To preserve the separation of church and state mandated (?) by the Establishment Clause of the First Amendment to the United States Constitution, and Art. I, § 3 of the Pennsylvania Constitution, we will enter an order permanently enjoining Defendants from maintaining the ID Policy in any school within the Dover Area School District... (emphasis ours. See Professor Eastman on this fantasy within the judiciary.)
We think the judge doth protest to much. There's a Freudian component to this. He's so confident in his assertion that he's not biased that he has to resort to the logical fallacy called Poisoning the Well. (That no one but an idiot would disagree with me.)
Really, the only difference between Judge Jones and ex-Judge Jackson, who was overturned for judicial misconduct, is that Judge Jones kept his mouth shut and didn't voice his foregone conclusions ahead of time. That he held forgone conclusions is obvious when you read his ruling or listen to him speak. His mind was already made up ahead of time.
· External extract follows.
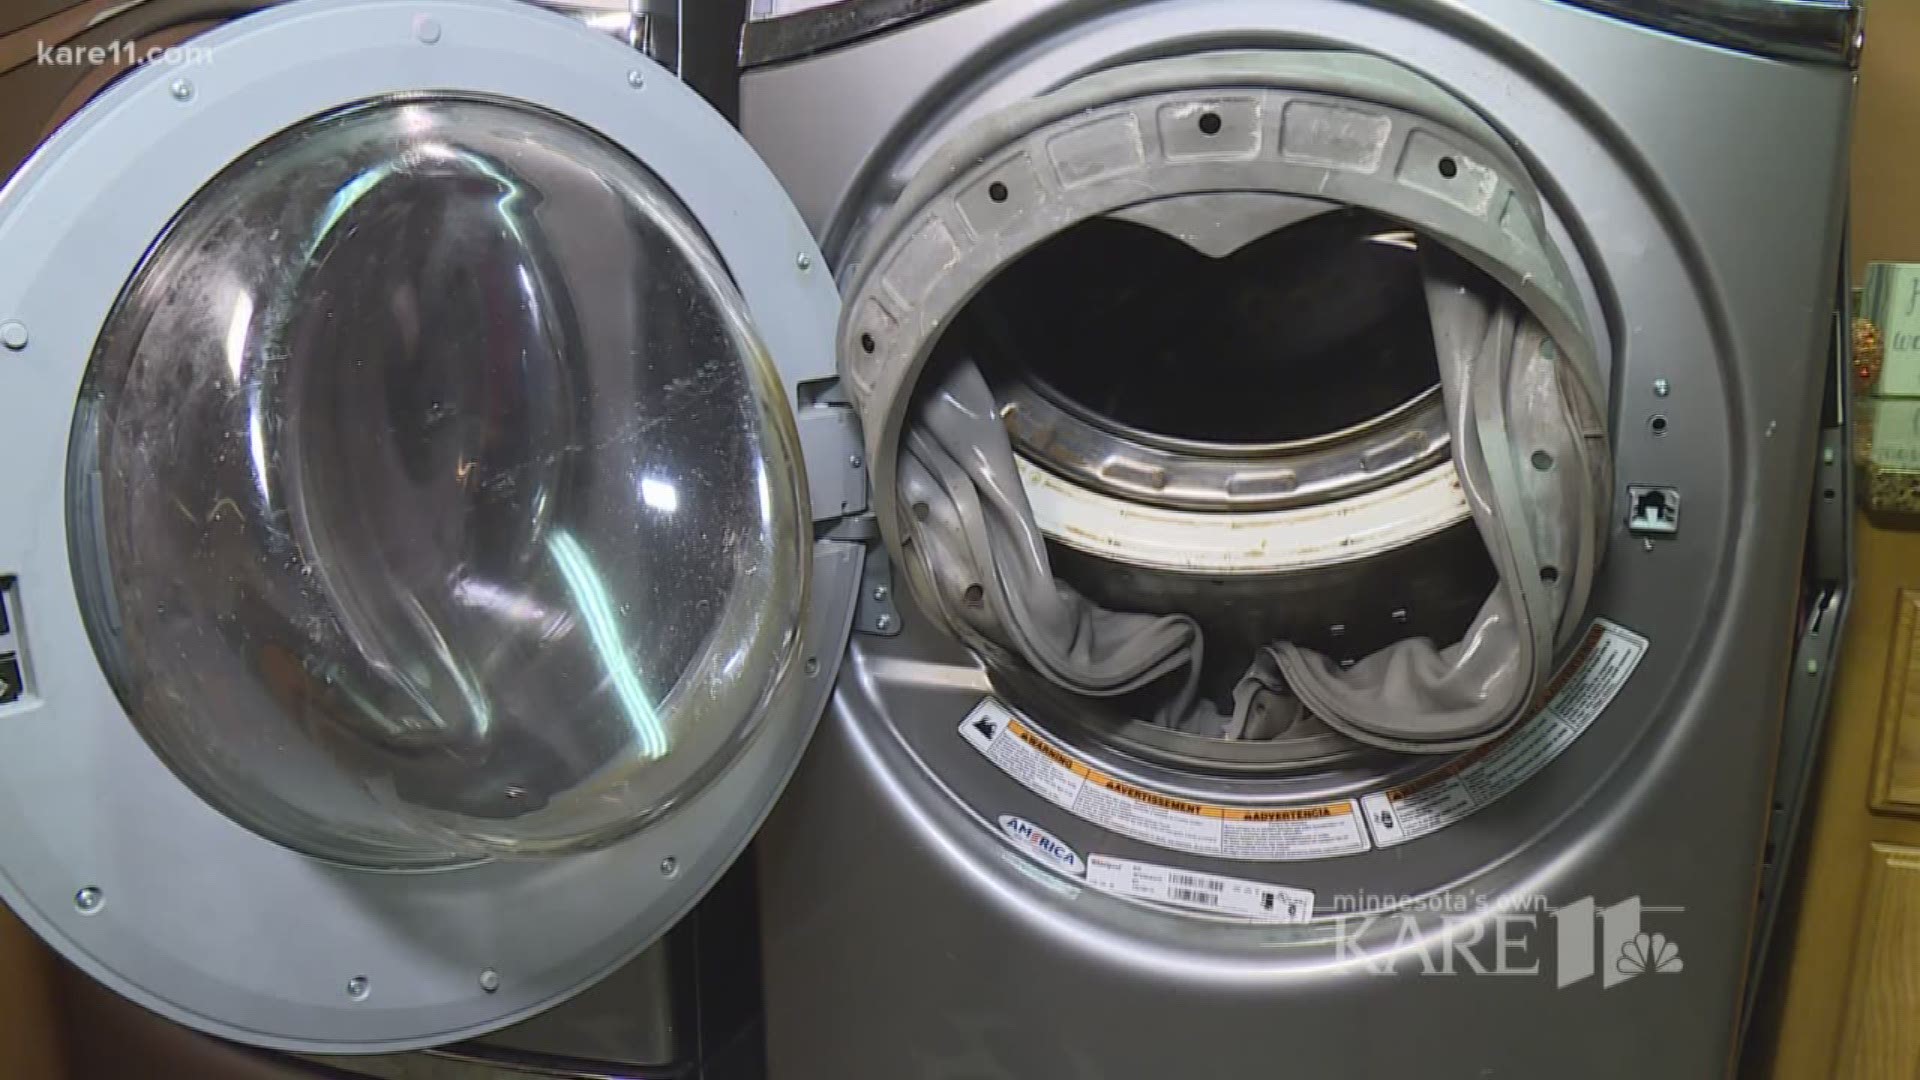 A central Minnesota mother of five says her Whirlpool Duet washing machine exploded during the spin cycle, firing ball bearings and other parts at her, knocking her unconscious and giving her a concussion. http://kare11.tv/2hxCOZN

Of course, we all hold foregone conclusions when it comes to Creation, but those on the Right are generally more diligent about not making up law, twisting it, nor calling opponents "inane." They realize they will have to give account someday to their Creator. (Those on the Left will also have to give account, but they won't acknowledge that.)
As you might imagine, Judge Jones is currently a hero in legal (liberal) societies, making the rounds, as in this C-SPAN presentation, touting the Liberal manta "judicial independence" which is always invoked when a judge contrives a bogus legal decision, especially one that goes against the will of the people, voiced through their elected representatives. We hope the students can see from his written ruling as well as his speech that Judge Jones is blind to his own bias. It's easy to see because activist judges are intolerant of anyone who calls him an activist judge!